(Task) The lines to reproduce run from the first one below to the line containing "Gemeinde Großwallstadt", both included. Reproduce them exactly and nothing else.
++++++
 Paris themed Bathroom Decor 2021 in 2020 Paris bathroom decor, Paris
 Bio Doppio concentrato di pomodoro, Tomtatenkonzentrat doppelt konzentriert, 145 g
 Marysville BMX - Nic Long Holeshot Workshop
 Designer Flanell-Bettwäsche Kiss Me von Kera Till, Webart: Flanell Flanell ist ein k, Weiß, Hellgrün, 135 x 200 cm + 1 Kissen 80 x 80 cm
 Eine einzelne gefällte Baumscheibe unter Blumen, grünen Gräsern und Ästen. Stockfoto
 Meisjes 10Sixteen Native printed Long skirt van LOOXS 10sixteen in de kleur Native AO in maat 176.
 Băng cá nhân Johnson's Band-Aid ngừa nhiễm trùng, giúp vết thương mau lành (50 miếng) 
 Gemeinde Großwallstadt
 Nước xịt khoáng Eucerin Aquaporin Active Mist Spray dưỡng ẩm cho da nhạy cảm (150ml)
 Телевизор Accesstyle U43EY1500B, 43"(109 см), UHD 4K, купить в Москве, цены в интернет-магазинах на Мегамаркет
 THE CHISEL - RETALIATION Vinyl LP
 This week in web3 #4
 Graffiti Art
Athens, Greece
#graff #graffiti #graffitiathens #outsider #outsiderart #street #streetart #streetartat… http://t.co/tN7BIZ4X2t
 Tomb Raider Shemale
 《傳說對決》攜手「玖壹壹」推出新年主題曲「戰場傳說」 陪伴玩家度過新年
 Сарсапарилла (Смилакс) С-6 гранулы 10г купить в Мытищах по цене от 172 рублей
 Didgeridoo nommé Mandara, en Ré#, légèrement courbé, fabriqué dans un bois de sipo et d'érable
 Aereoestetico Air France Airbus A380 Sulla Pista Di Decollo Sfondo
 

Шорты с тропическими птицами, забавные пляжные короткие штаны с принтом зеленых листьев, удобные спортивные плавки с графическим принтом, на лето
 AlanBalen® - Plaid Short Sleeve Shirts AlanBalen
++++++
(Answer to this task)
 Paris themed Bathroom Decor 2021 in 2020 Paris bathroom decor, Paris
 Bio Doppio concentrato di pomodoro, Tomtatenkonzentrat doppelt konzentriert, 145 g
 Marysville BMX - Nic Long Holeshot Workshop
 Designer Flanell-Bettwäsche Kiss Me von Kera Till, Webart: Flanell Flanell ist ein k, Weiß, Hellgrün, 135 x 200 cm + 1 Kissen 80 x 80 cm
 Eine einzelne gefällte Baumscheibe unter Blumen, grünen Gräsern und Ästen. Stockfoto
 Meisjes 10Sixteen Native printed Long skirt van LOOXS 10sixteen in de kleur Native AO in maat 176.
 Băng cá nhân Johnson's Band-Aid ngừa nhiễm trùng, giúp vết thương mau lành (50 miếng) 
 Gemeinde Großwallstadt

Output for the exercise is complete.